> **WHAT YOU ARE ASKED TO DO**
Leaving the pictures aside, reproduce the data in full and word for word.

> **DATA SECTION**
■ ■ ■ ■ ■ ■ ■

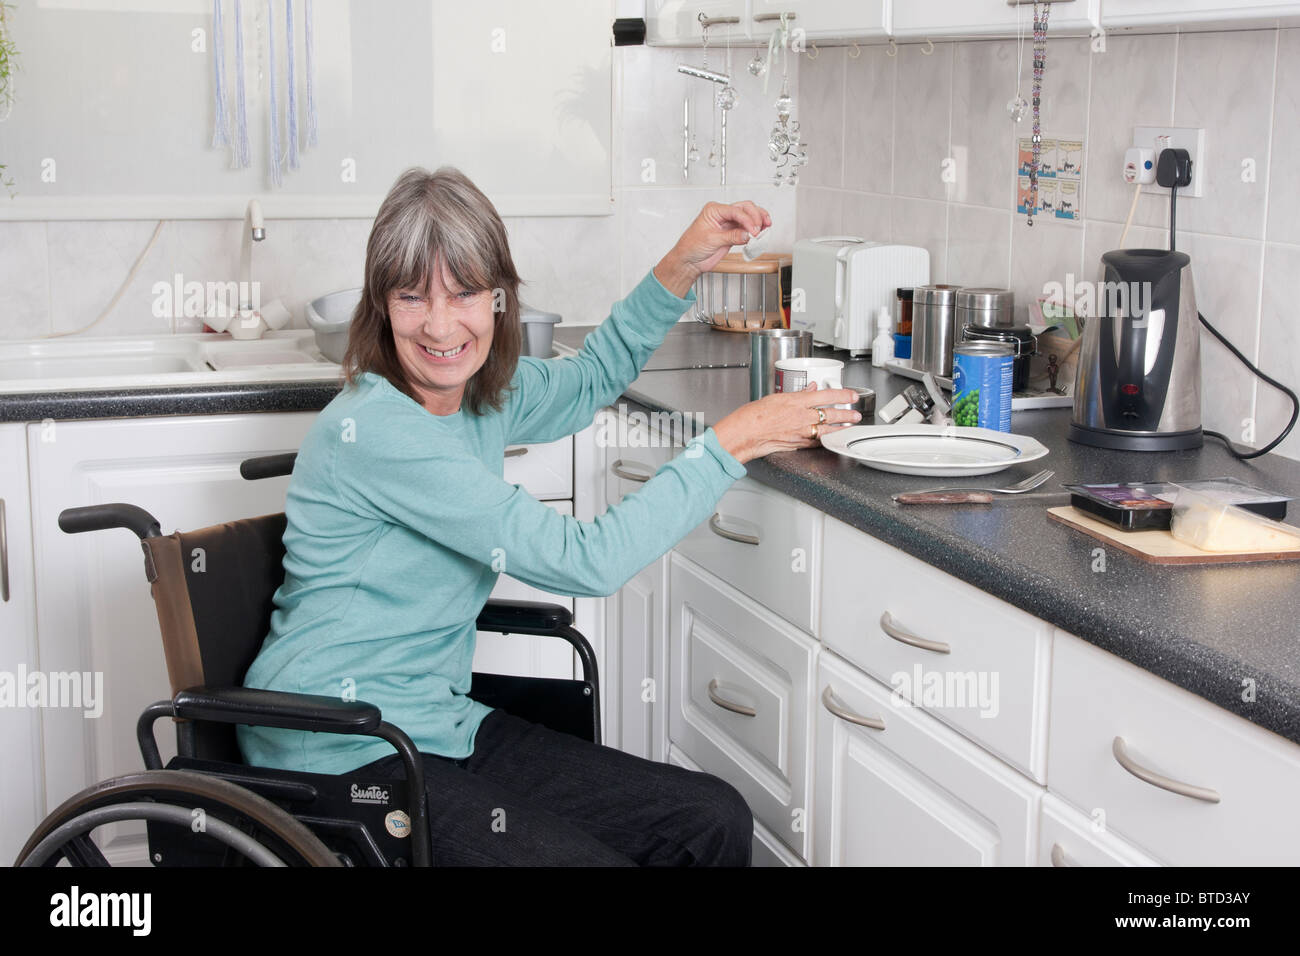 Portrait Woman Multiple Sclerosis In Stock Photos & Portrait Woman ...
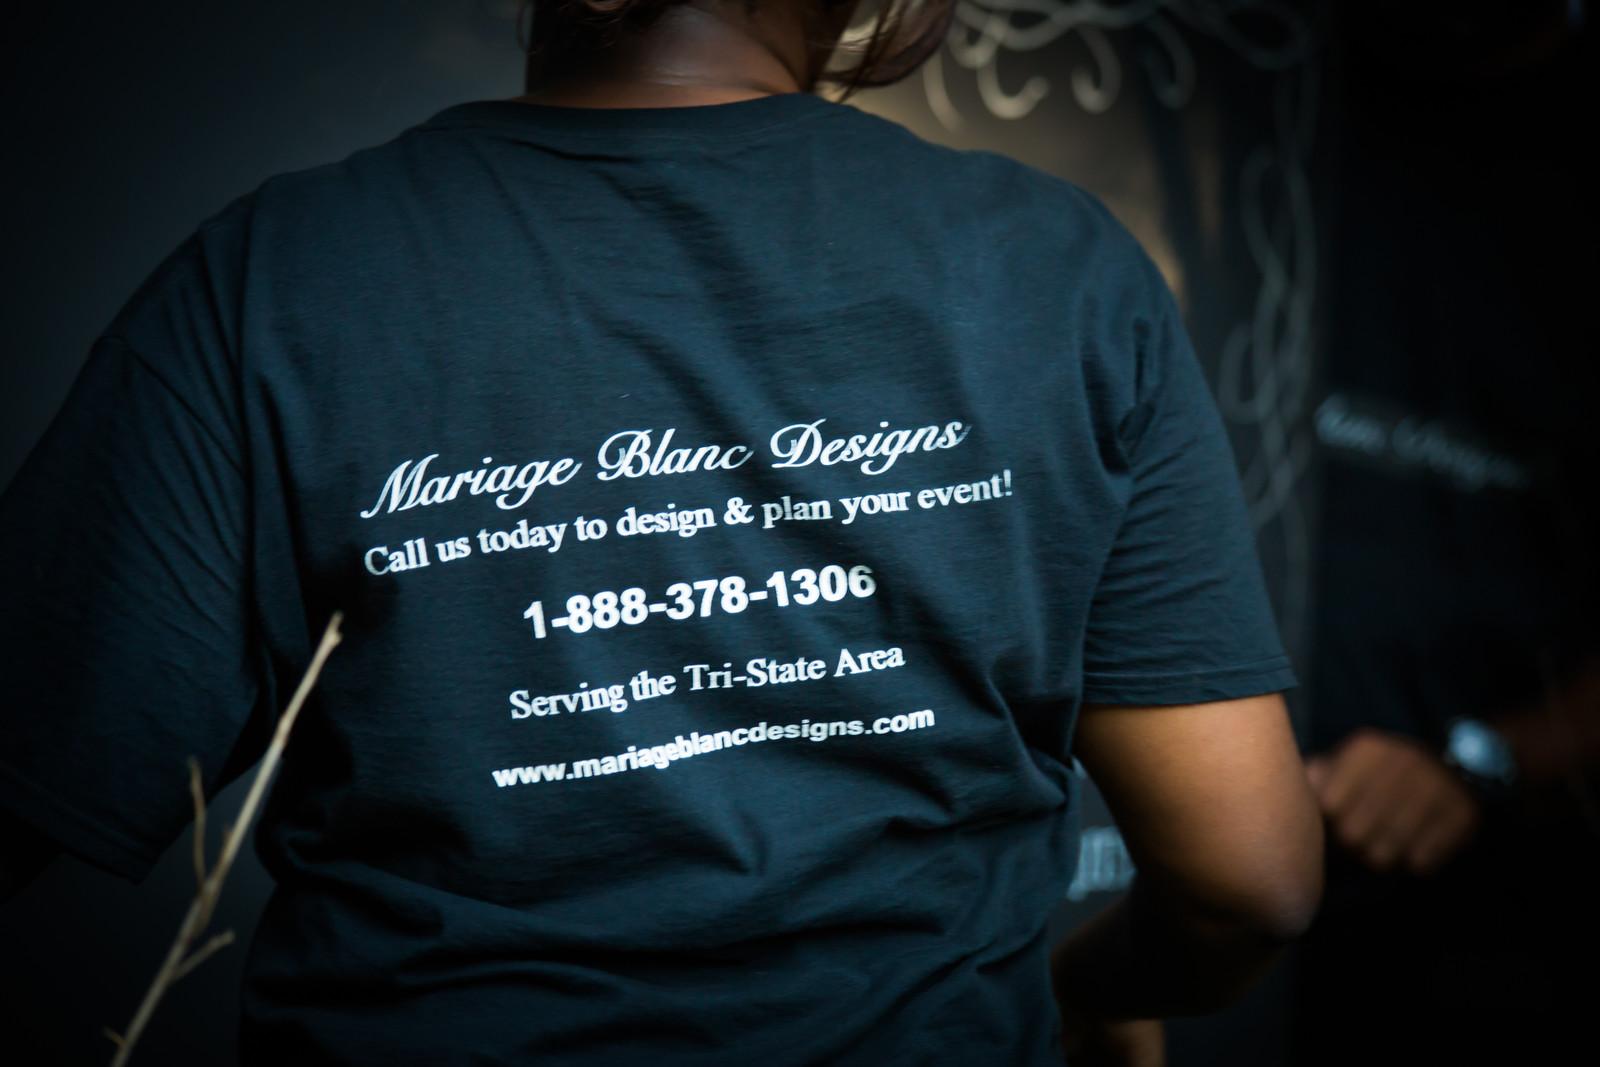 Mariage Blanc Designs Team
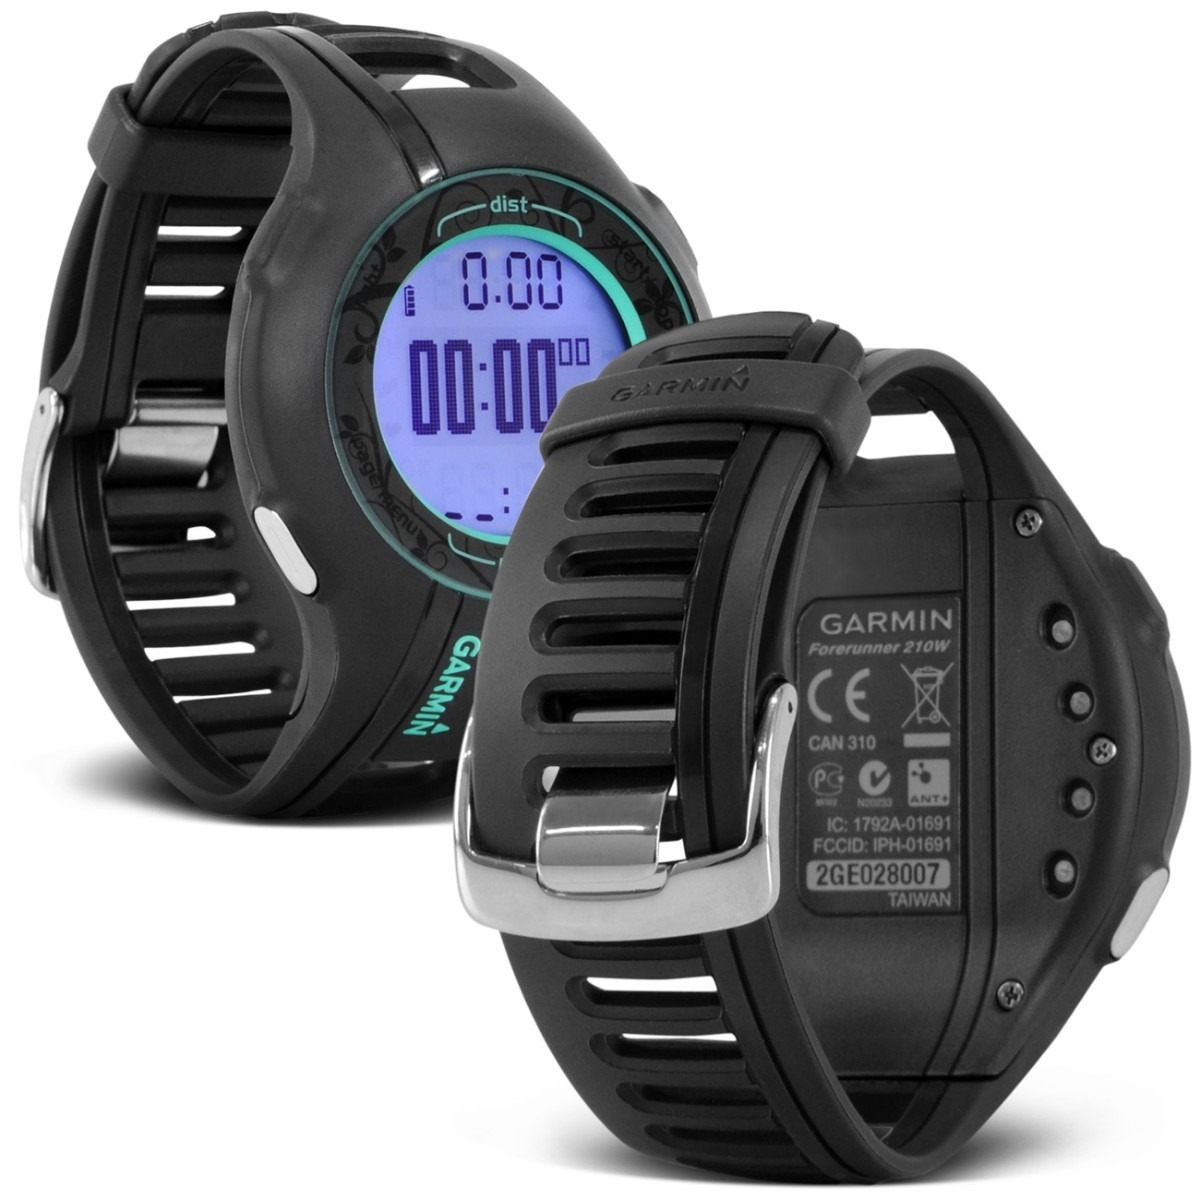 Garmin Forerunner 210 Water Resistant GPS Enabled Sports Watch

■ ■ ■ ■ ■ ■ ■

> **THE ANSWER**
 Portrait Woman Multiple Sclerosis In Stock Photos & Portrait Woman ...
 Mariage Blanc Designs Team
 Garmin Forerunner 210 Water Resistant GPS Enabled Sports Watch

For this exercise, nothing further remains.